Brown adipose tissue (BAT) is responsible for non-shivering thermogenesis in mammals, and brown adipocytes (BAs) are the functional units of BAT. BAs contain both multilocular lipid droplets and abundant mitochondria, and they express uncoupling protein 1 (UCP1). BAs are categorized into two sub-types based on their origin: embryo derived classical BAs (cBAs) and white adipocytes derived BAs. Due to their relatively low density, BAs cannot be isolated from BAT with traditional centrifugation method. In this study, a new method was developed to isolate BAs from mice for gene and protein expression analysis. In this protocol, interscapular BAT from adult mice was digested with Collagenase and Dispase solution, and the dissociated BAs were enriched with 6% iodixanol solution. Isolated BAs were then lysed with Trizol reagent for simultaneous isolation of RNA, DNA, and protein. After RNA isolation, the organic phase of the lysate was used for protein extraction. Our data showed that 6% iodixanol solution efficiently enriched BAs without interfering with follow-up gene and protein expression studies. Platelet-derived growth factor (PDGF) is a growth factor that regulates the growth and proliferation of mesenchymal cells. Compared to the brown adipose tissue, isolated BAs had significantly higher expression of Pdgfa. In summary, this new method provides a platform for studying the biology of brown adipocytes at a single cell-type level.

Wprowadzenie

Both mice and humans have two types of adipose tissues: white adipose tissue (WAT) and brown adipose tissue (BAT)¹. WAT stores energy in the form of triglycerides in white adipocytes, and the brown adipocytes (BAs) of BAT dissipate chemical energy as heat². Based on their developmental origin, BAs are further categorized into classical BAs (cBAs) that formed during embryo development and white adipocytes derived BAs (beige/brite cells, converted from white adipocytes under stress conditions)³. BAs are multilocular and express the thermogenic protein uncoupling protein 1 (UCP1)⁴. Interscapular BAT (iBAT) depot is one of the primary cBAs depots in small mammals⁵, whereas beige cells are dispersed within WAT⁶.
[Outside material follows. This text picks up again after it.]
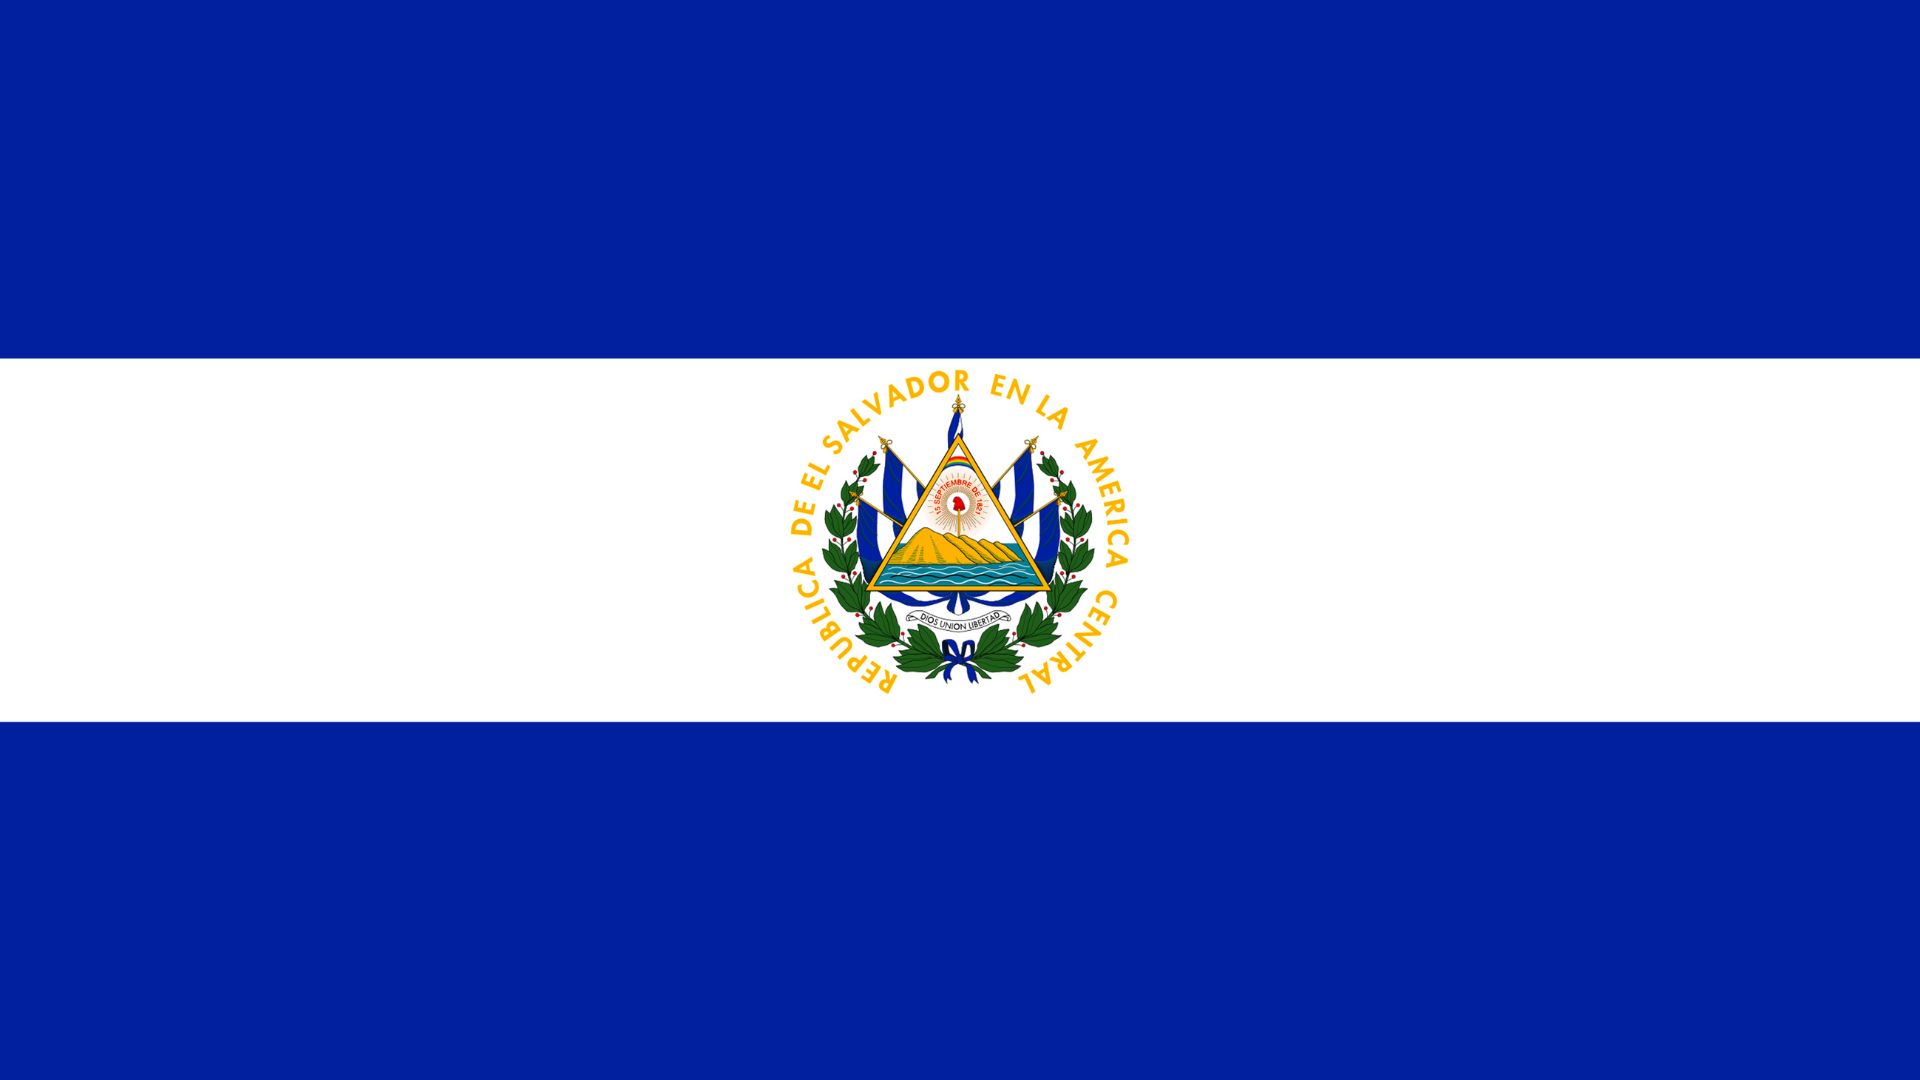 A bandeira de El Salvador é baseada na bandeira dos Estados Unidos da América Central, foi inicialmente adotada em 1822, abandonada em 1865, reintalada em 1912, e confirmada em 1972. Ela possui duas cores: azul e branco.

Due to their nature of dissipating energy, BAs have received much attention as a therapeutic target for reducing obesity⁷. To exploit BAs for the purpose of treating obesity, it is essential to understand the molecular mechanisms that control BAs function, survival, and recruitment. Adipose tissues including BAT and WAT are heterogeneous. Except for adipocytes, adipose tissues contain many other cell types, such as endothelial cells, mesenchymal stem cells and macrophages⁸. Although genetic tools to specifically deplete candidate genes in mice BAs are available, such as UCP1::Cre line⁹, techniques for purifying BAs from BAT or WAT are limited, making it hard to study BAs at a single-cell type level. Additionally, without obtaining pure BAs, the relationship between BAs and non-BAs will not be clearly delineated. For instance, platelet-derived growth factor receptor alpha (PDGFRα) has been used as a marker for undifferentiated mesenchymal cells, and it is expressed in the endothelial and interstitial cells of BAT. In cold stressed BAT, PDGFRα positive progenitor cells give rise to new BAs¹⁰. PDGFRα is activated by its ligand PDGF, a growth factor that regulates the growth and proliferation of mesenchymal cells¹¹; however, it is unclear whether BAs influence the behavior of PDGFRα positive progenitor cells by secreting PDGF.

Recently, a BAs isolation protocol has been published, which is based on fluorescence-activated cell sorting (FACS)¹². In this protocol, 3% bovine serum albumin (BSA) solution was used to separate BAs from non-BAs, and the enriched BAs were further purified by FACS. The application of this protocol is limited by the requirement of FACS process, which relies on both equipment and FACS operation experiences. In this study, a new protocol for isolating BAs from BAT was developed. The BAs isolated by this protocol can be directly used for gene and protein expression studies. Furthermore, data from this study suggest that BAs are a major PDGF resource.

Protokół

All mice were maintained in pathogen-free conditions, and all procedures were approved by Masonic Medical research Institutional Animal Care and Use Committee (IACUC). UCP1::Cre⁹ and Rosa 26^tdTomato mice lines¹³ were reported previously. All mice were kept at room temperature with a 12 h light/dark cycle.

1. Preparing the Solutions and brown adipose tissue (BAT)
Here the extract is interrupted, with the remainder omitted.